Fri, Sep 16, 2005 - Page 16 News List

A dull movie unfolds below ground

`The Cave' offers nothing new in the creatures-hunt-explorers genre

By Laura Kern  /  NY TIMES NEWS SERVICE , NEW YORK

Having worked as second- and third-unit director on the Matrix trilogy and Dark City, Bruce Hunt is no stranger to inspired and

stylish productions. But whereas those films managed to inject new life into tired territory, The Cave, his first effort as director, fails to generate anything resembling innovation.

A group of ace cave-divers are flown in to investigate an intricate maze system discovered beneath the ruins of an ancient Romanian abbey. Without much explanation the gung-ho team -- and two scientists -- are lowered uncomfortably deep into the earth. It doesn't take long to learn that they are not alone, and are soon being preyed upon by what look like cheap creature rejects from the Alien films, except these demonlike mutations can fly and use sonar to see in the dark.
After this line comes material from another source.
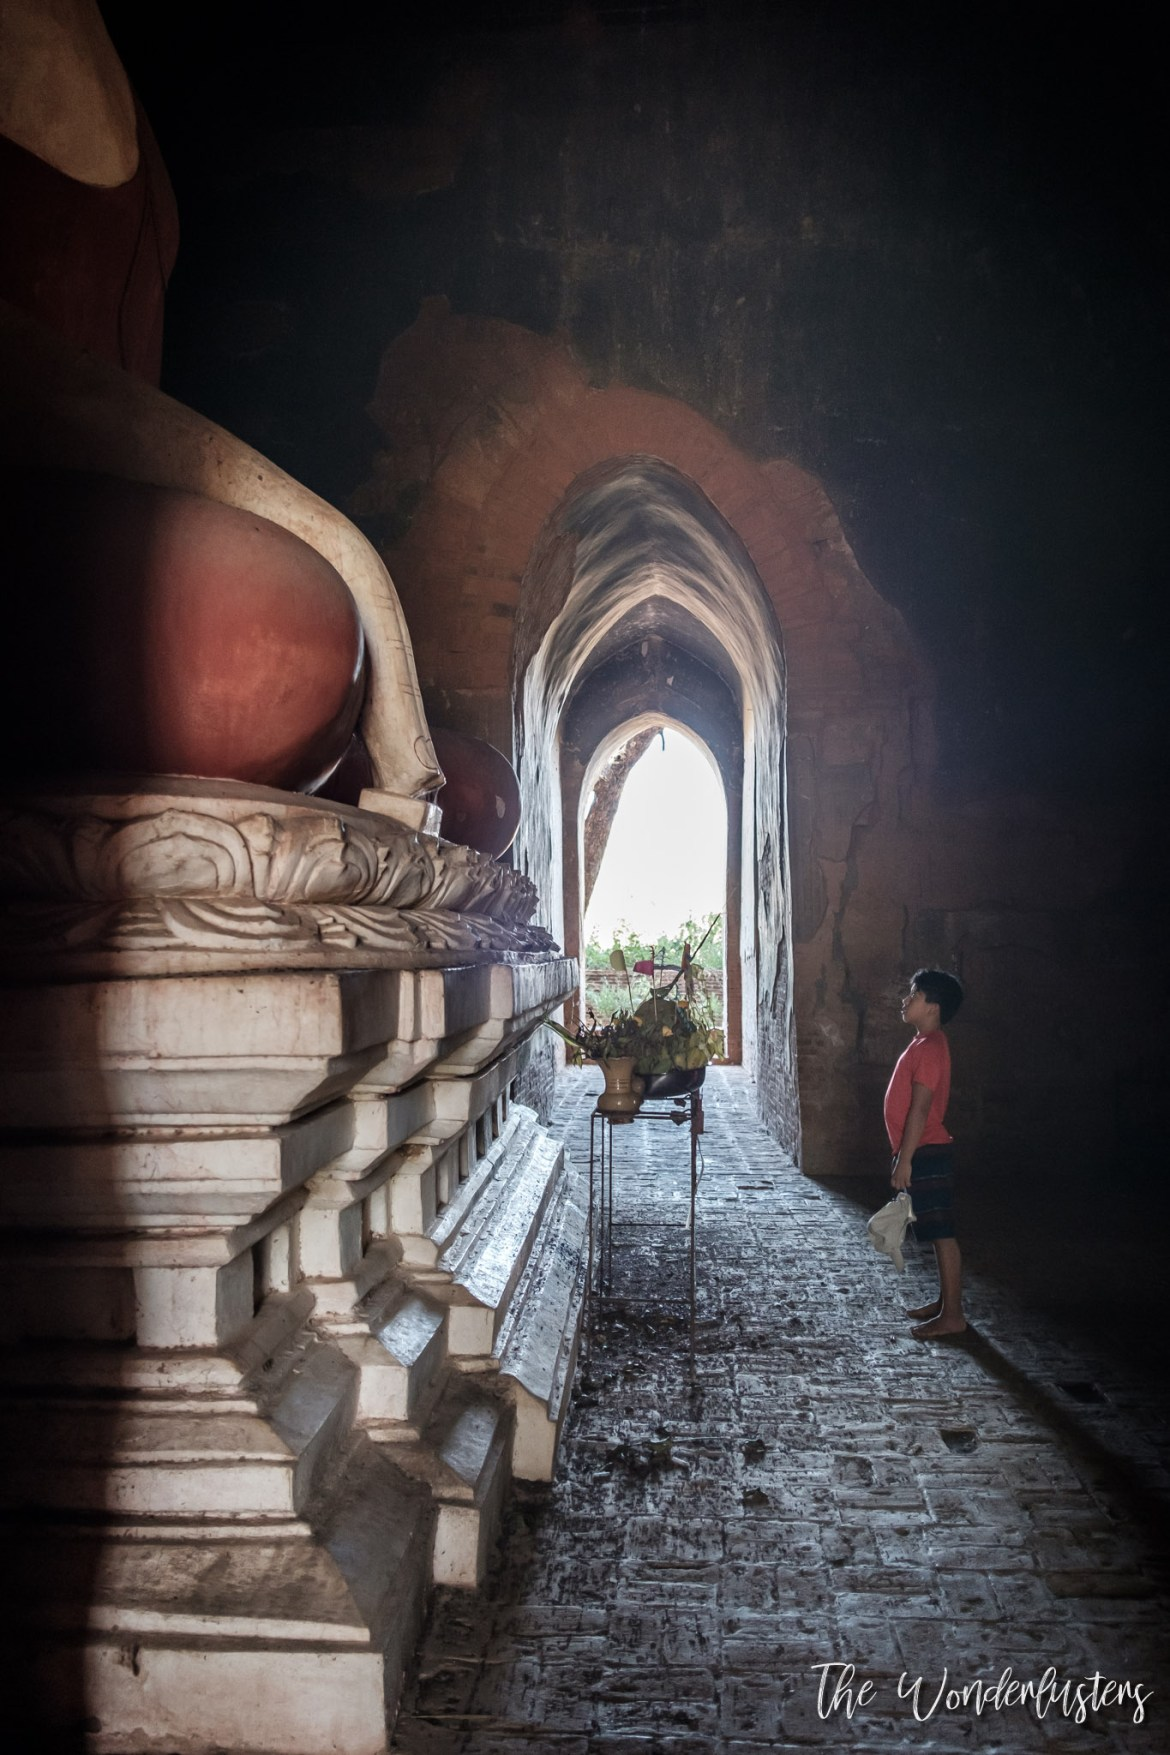 A Buddha inside a temple
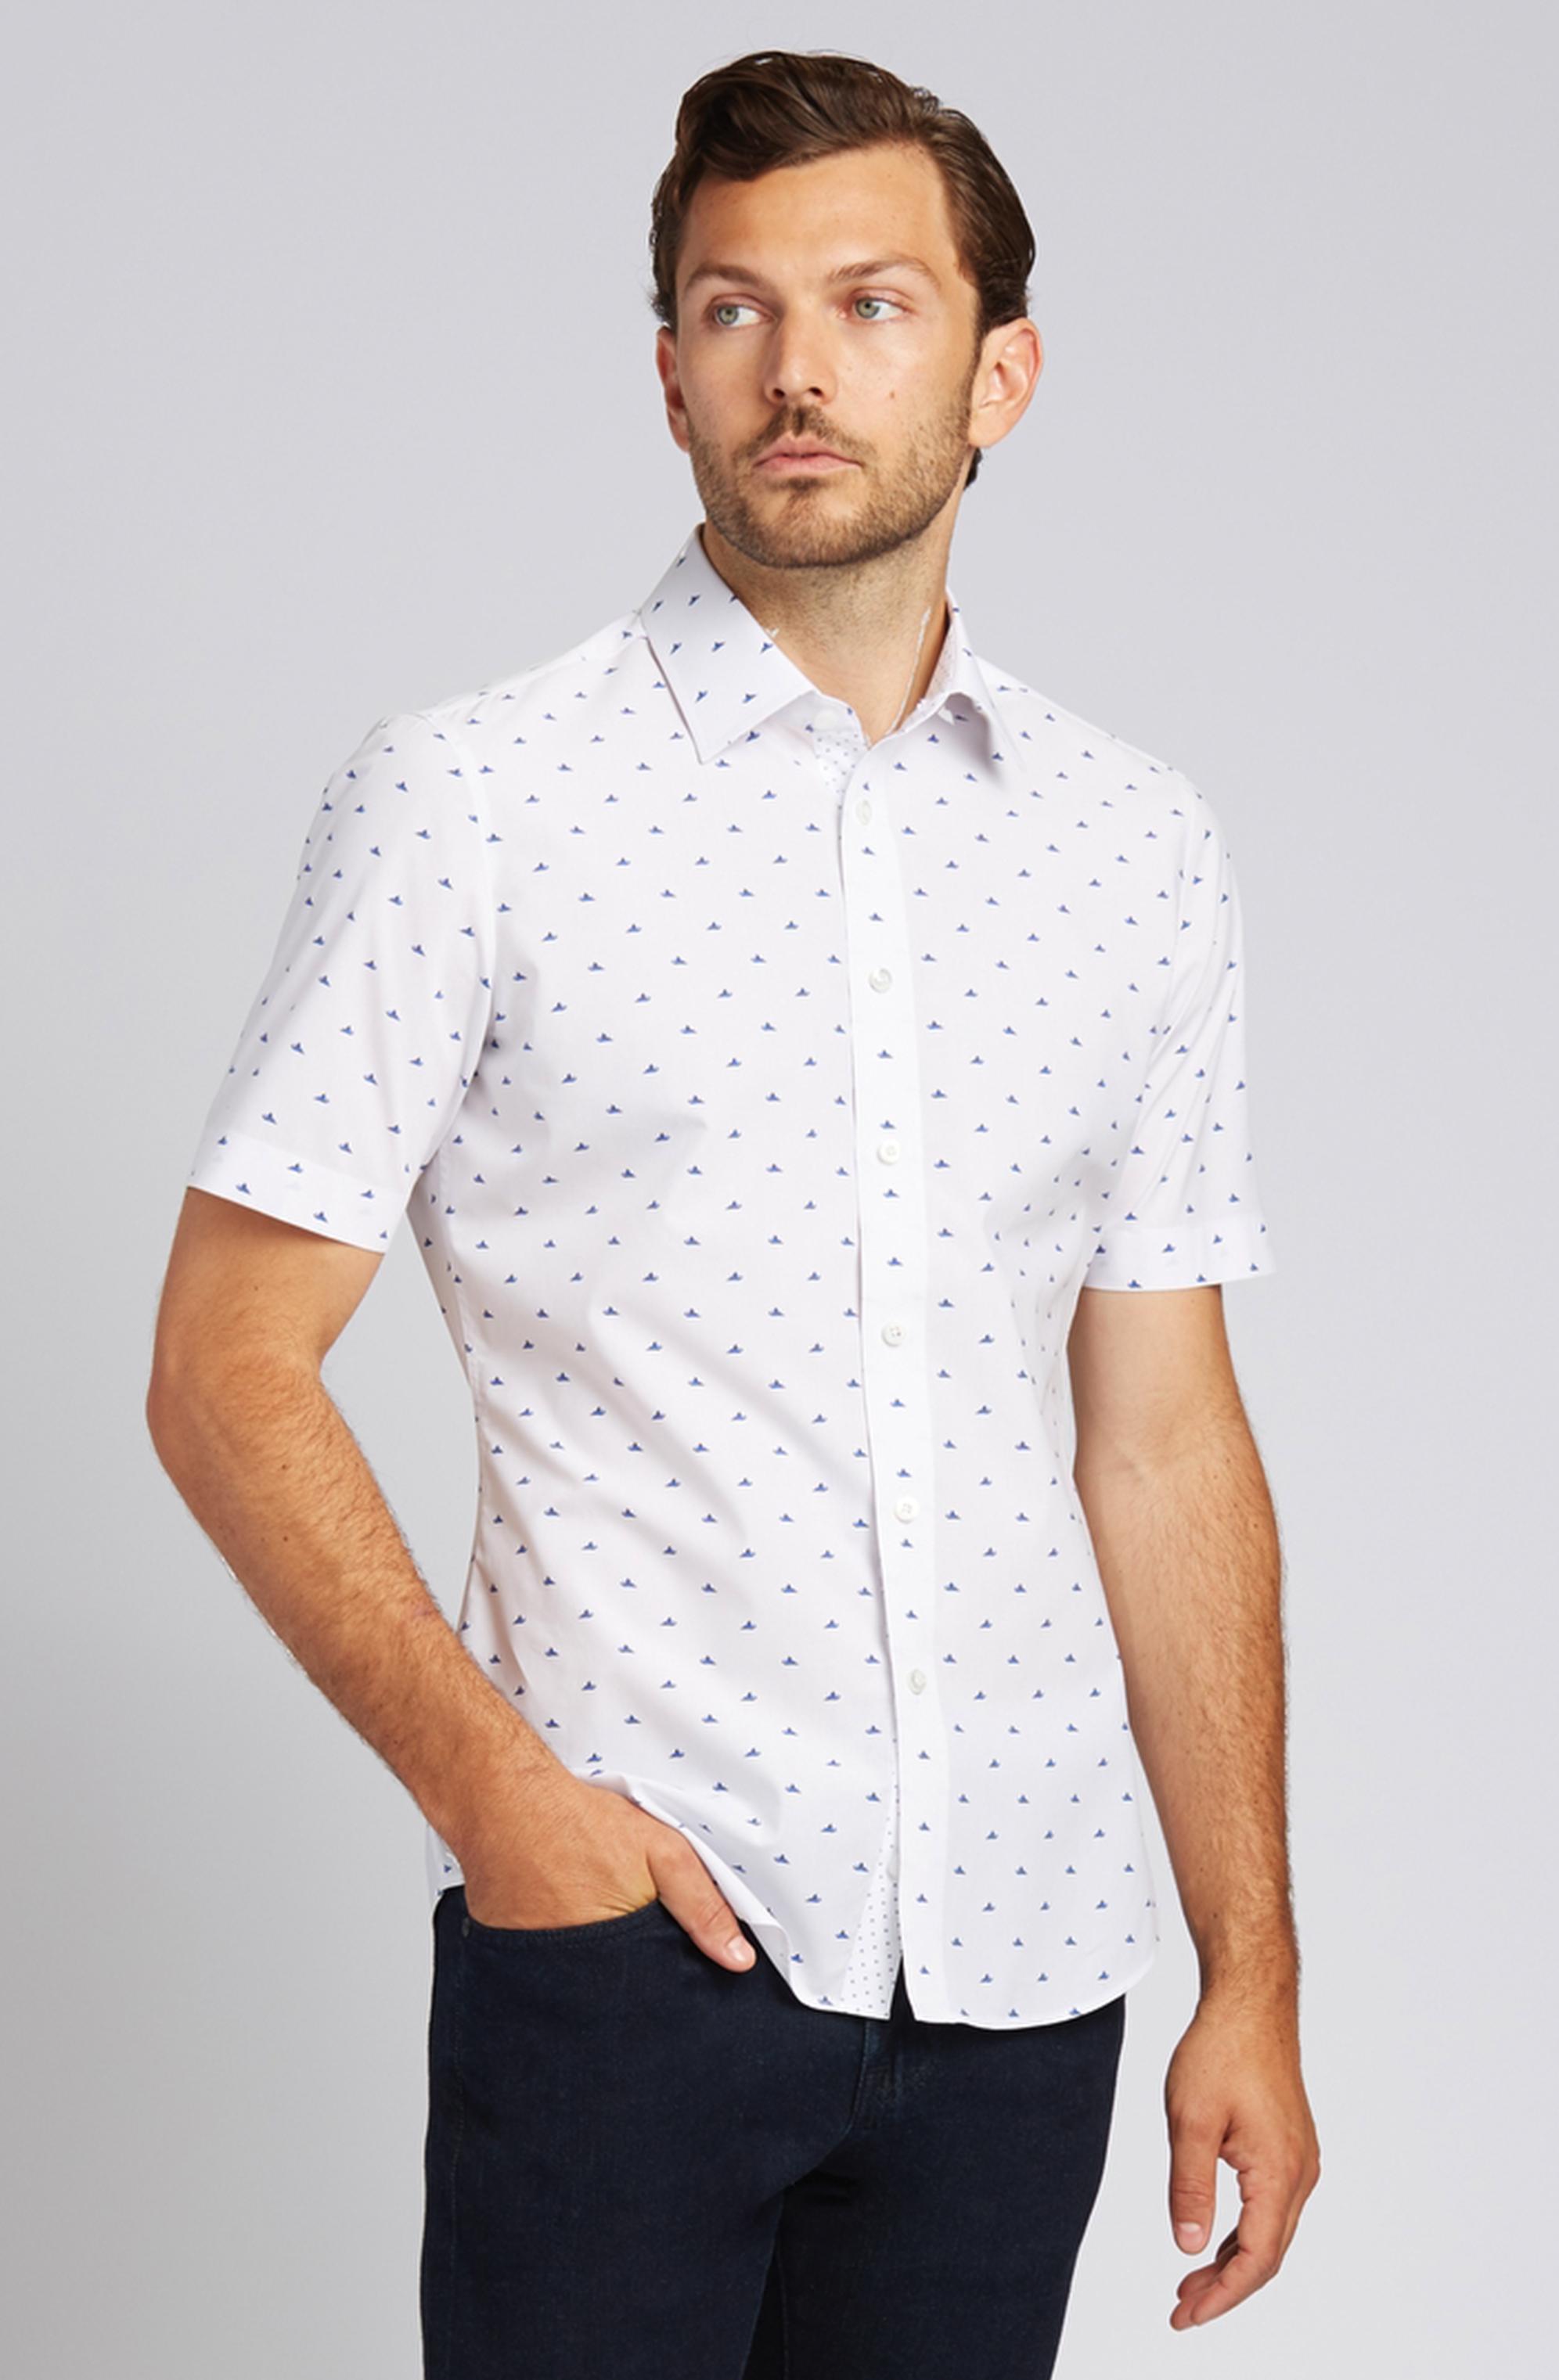 Jet-Ski Short-Sleeve Button-Front Shirt

What is left of the plot amounts to guessing who will be killed off next out of the token Asian and African-American guys, the girl in the skimpy outfit, the sexy female scientist with an English accent and the testosterone-pumped combative brothers. Not that it matters much -- the characters are so colorless and underdeveloped that their deaths certainly won't be mourned.

As utterly formulaic as the film may be, the elements for an edge-of-the-seat crowd-pleaser are, in theory, all present: a closed-off environment ideal for creating no-one-can-hear-you-scream suspense; stimulating underwater and wall-climbing action; exotic settings, shot on location in Bucharest and the Yucatan; and bloodthirsty villains.

It's a shame, a travesty even, that the filmmakers seem to have forgotten that in order to keep viewers from contemplating the absurdity of what they are watching the action must move at a pace that doesn't allow for it. But not only is the film dreadfully dull -- every time something potentially exciting does occur -- the scenes are so muddled and chaotic that it is impossible to make out what is happening.

As the vaunted leader of the expedition, Cole Hauser attempts his best Vin Diesel impersonation but fails to deliver even at this rudimentary level.

The rest of the actors turn in performances right out of the casting room, as if they were reading the lines from the appallingly bad script for the very first time, embarrassed to

discover that it's all been done before. And will indeed be done again. Let's just hope it won't be in a Cave sequel, a possibility the film's ending distressingly leaves open.